Basically you start from the identifier and follow a clockwise spiral. See the link to learn exactly how it's used.

基本上，您从标识符开始并沿顺时针方向旋转。请参阅链接以准确了解它的使用方式。

Two things the article doesn't mention:

文章没有提到的两件事：

1- You should separate the type specifier (int, char, etc.) from the declarator, parse the declarator and then add the type specifier.

1- 您应该将类​​型说明符（int、char 等）与声明符分开，解析声明符，然后添加类型说明符。

2- If you encounter square brackets which denote an array, make sure you read the following square brackets (if there are any) as well.

2- 如果您遇到表示数组的方括号，请务必阅读以下方括号（如果有）。

int * imeans i is a pointer to int (read backwards, read * as pointer). char **pand char *(*p)both mean a pointer to a pointer to char.

int * i表示 i 是一个指向 int 的指针（向后读，读 * 作为指针）。 char **p并且char *(*p)都表示指向char的指针的指针。

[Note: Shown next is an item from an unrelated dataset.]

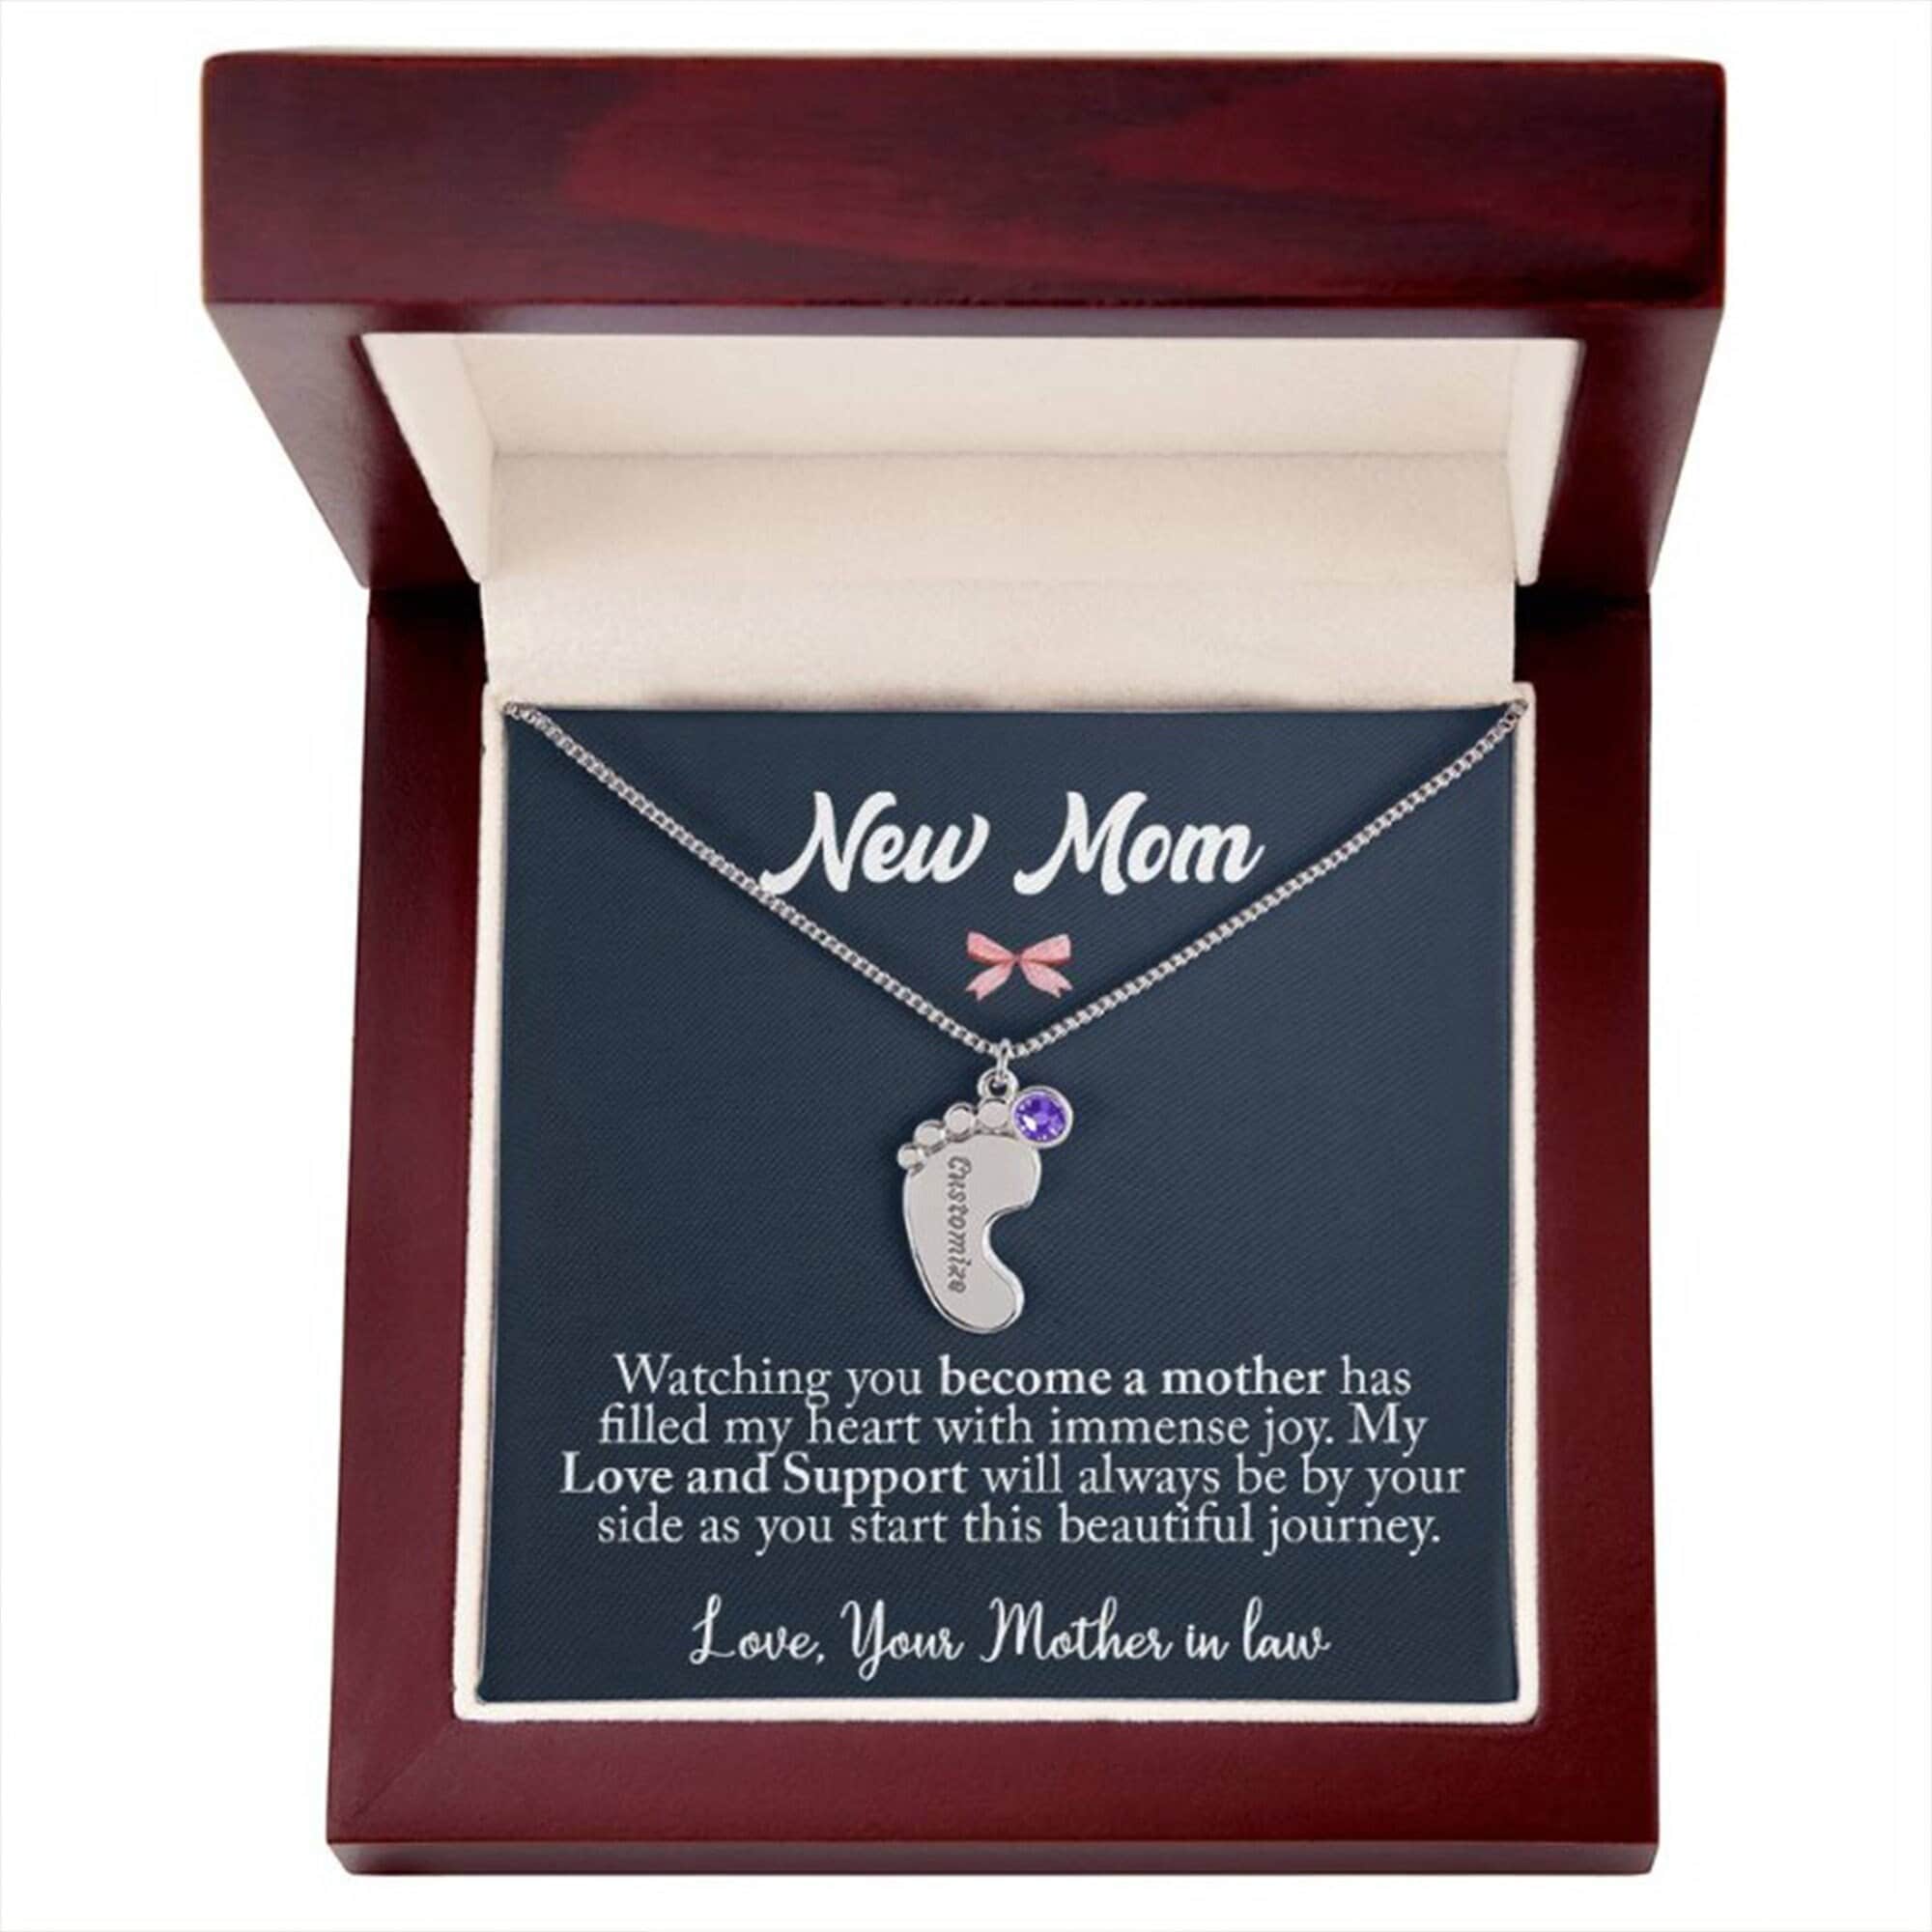 New Parents Gift Box Set, Couples Gift Mom to Be Gifts, Baby
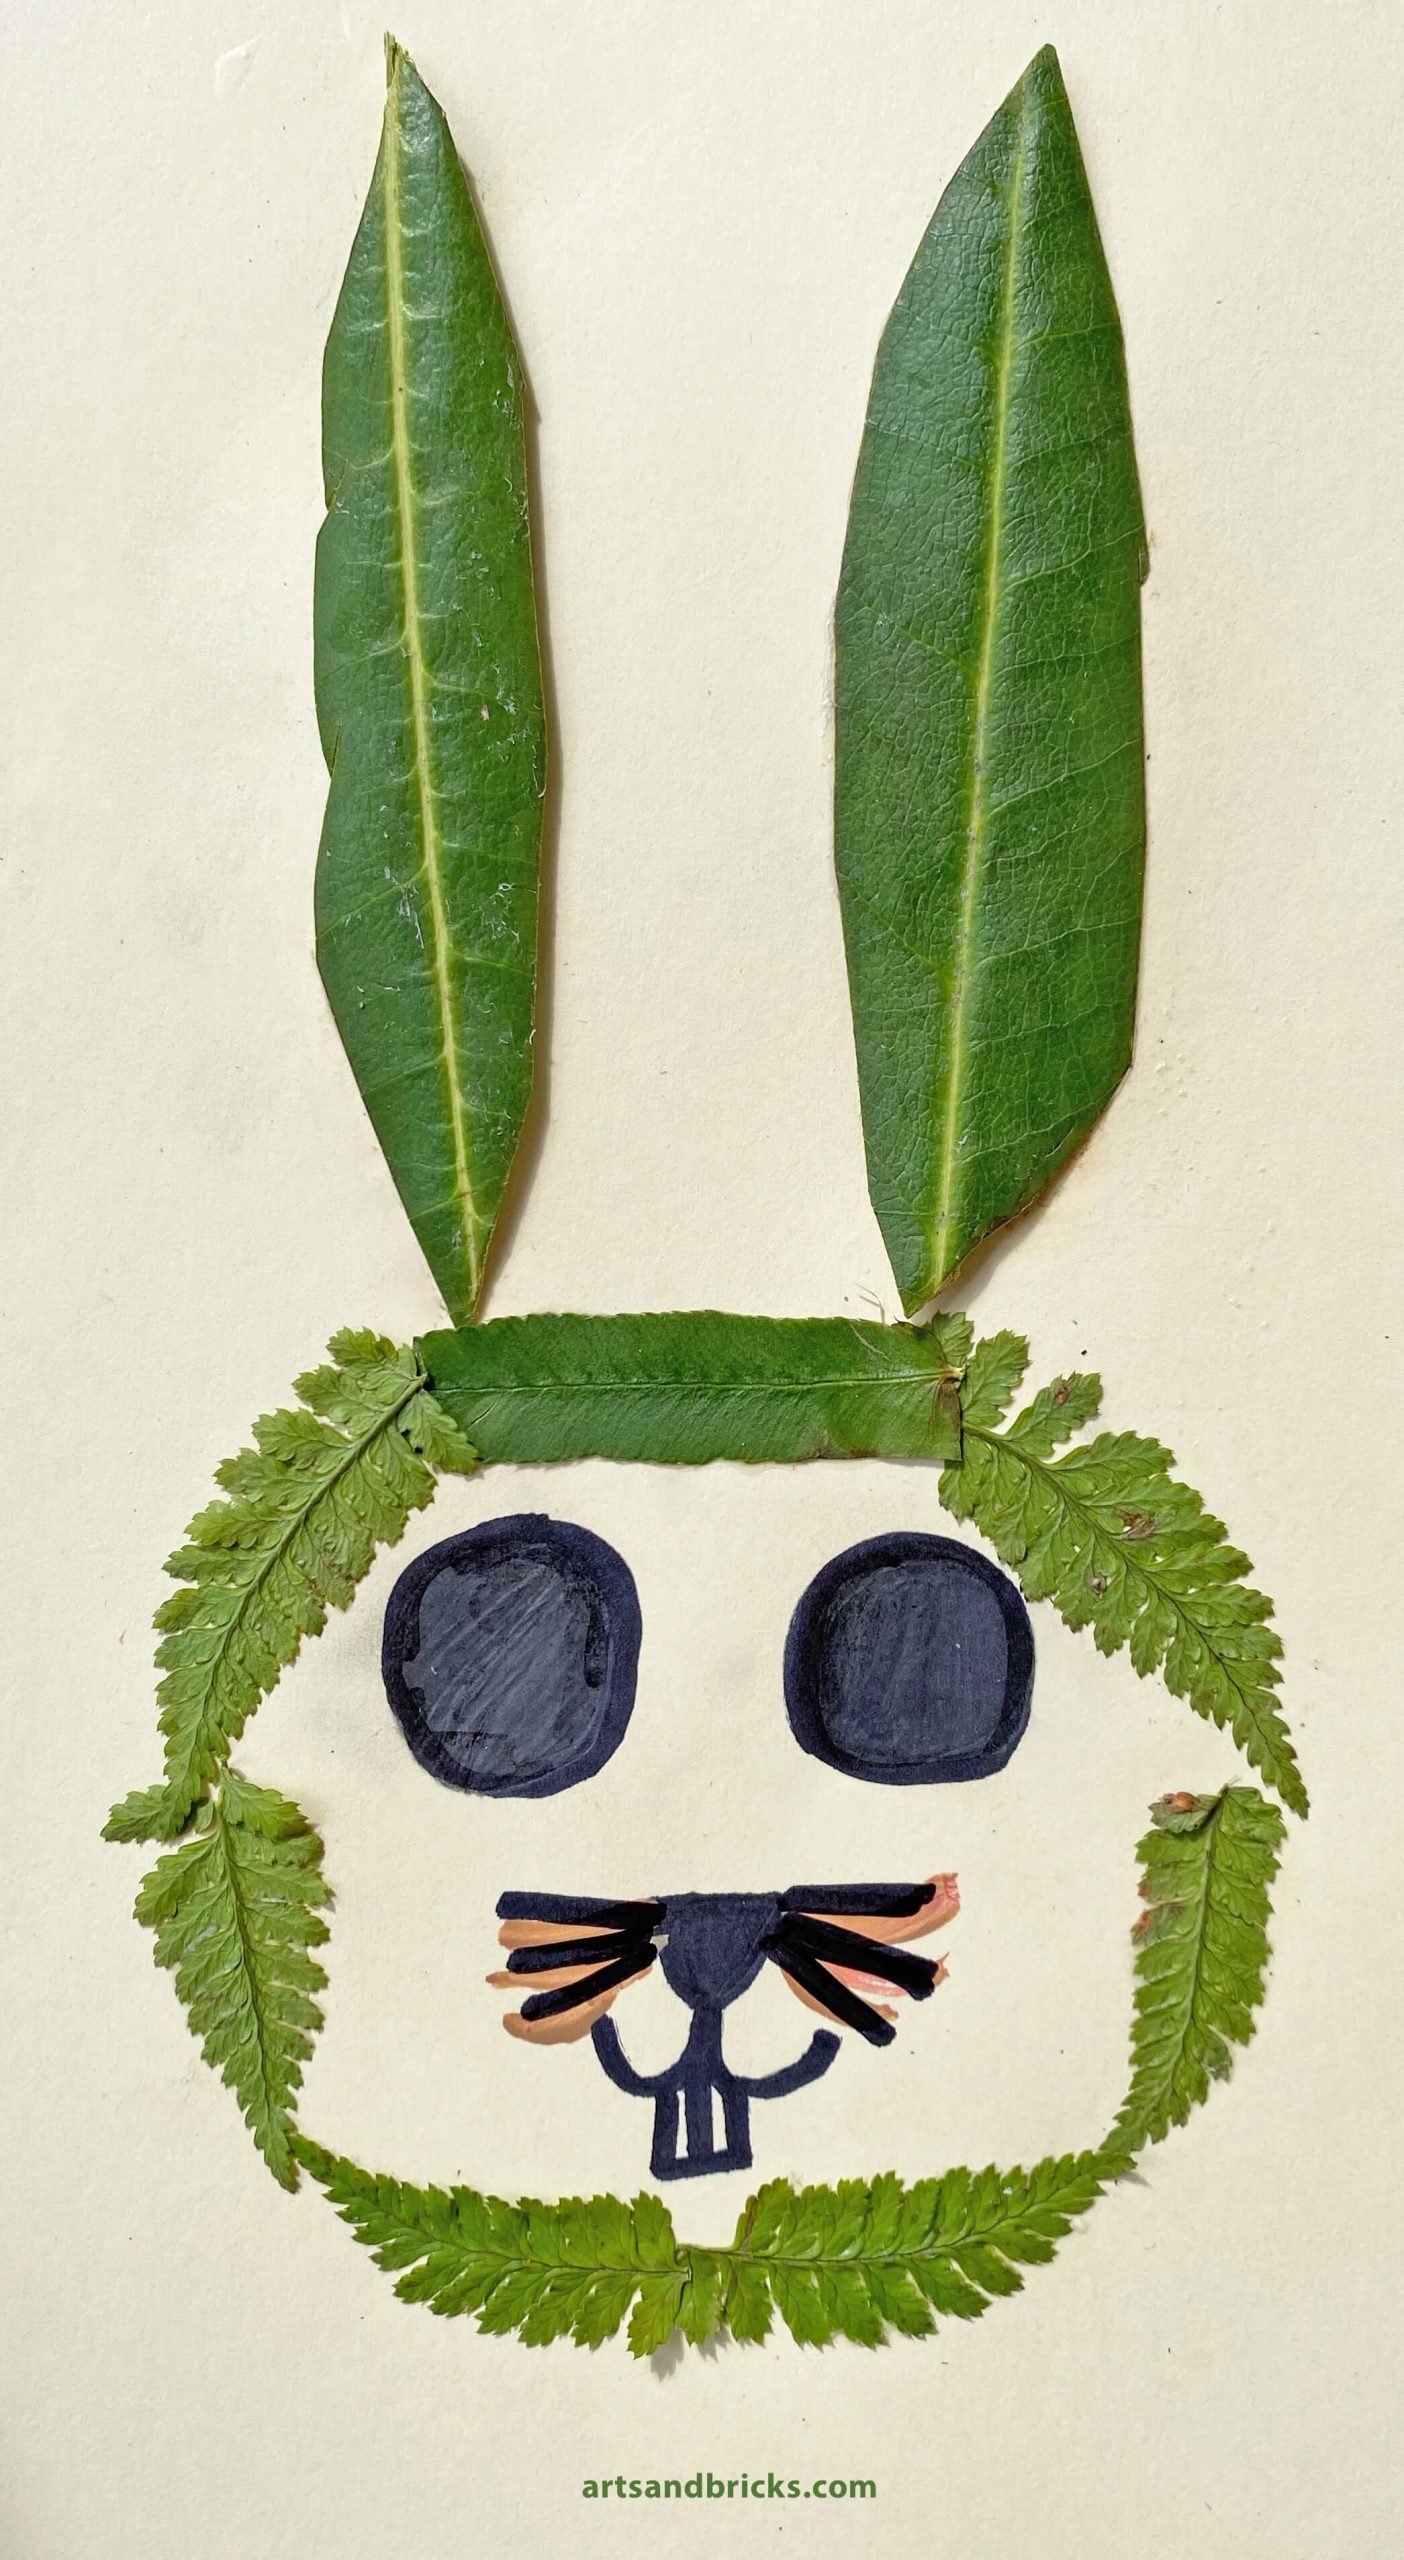 Easter Bunny Collage made from ferns and Rhododendron leaves.

Here's some other examples

这是其他一些例子

int* a[3]// a is an array of 3 pointers to int

int* a[3]// a 是一个包含 3 个指向 int 的指针的数组

int (*a)[3]//a is a pointer to an array of 3 ints

int (*a)[3]//a 是一个指向 3 个整数数组的指针

You have the answer in your questions.

你有你的问题的答案。

Indeed a double star is used to indicate pointer to pointer.

事实上，双星用于表示指针到指针。

The * in declaration means that the variable is a pointer to some other variable / constant. meaning it can hold the address of variable of the type. for example: char *c;means that c can hold the address to some char, while int *bmeans b can hold the address of some int, the type of the reference is important, since in pointers arithmetic, pointer + 1is actually pointer + (1 * sizeof(*pointer)).

声明中的 * 表示该变量是指向其他变量/常量的指针。这意味着它可以保存类型变量的地址。例如：char *c;意味着 c 可以保存某个字符的地址，而int *b意味着 b 可以保存某个 int 的地址，引用的类型很重要，因为在指针算术中，pointer + 1实际上是pointer + (1 * sizeof(*pointer)).

The * in expression means "the value stored in the address" so if cis a pointer to some char, then *cis the specific char.

表达式中的 * 表示“存储在地址中的值”，因此如果c是指向某个字符的指针，则*c是特定字符。

char *(*s);meaning that s is a pointer to a pointer to char, so s doesn't hold the address of a char, but the address of variable that hold the address of a char.

char *(*s);这意味着 s 是一个指向 char 的指针的指针，所以 s 不保存一个 char 的地址，而是保存一个 char 地址的变量的地址。

here is a bit of information

这是一些信息

         variable    pointer
declaring     &a           p

reading/      a            *p

processing

Declaring &ameans it points to *i. After all it is a pointer to *int. An integer is to point *i. But if consider j = *kis the pointer to the pointer this, means &kwill be the value of kand kwill have pointer to *int.

声明 &a意味着它指向*i. 毕竟它是一个指向*int. 一个整数指向*i。但是如果考虑j = *k是指向 this 的指针，则意味着&k将是 的值k并且k将有指向 的指针*int。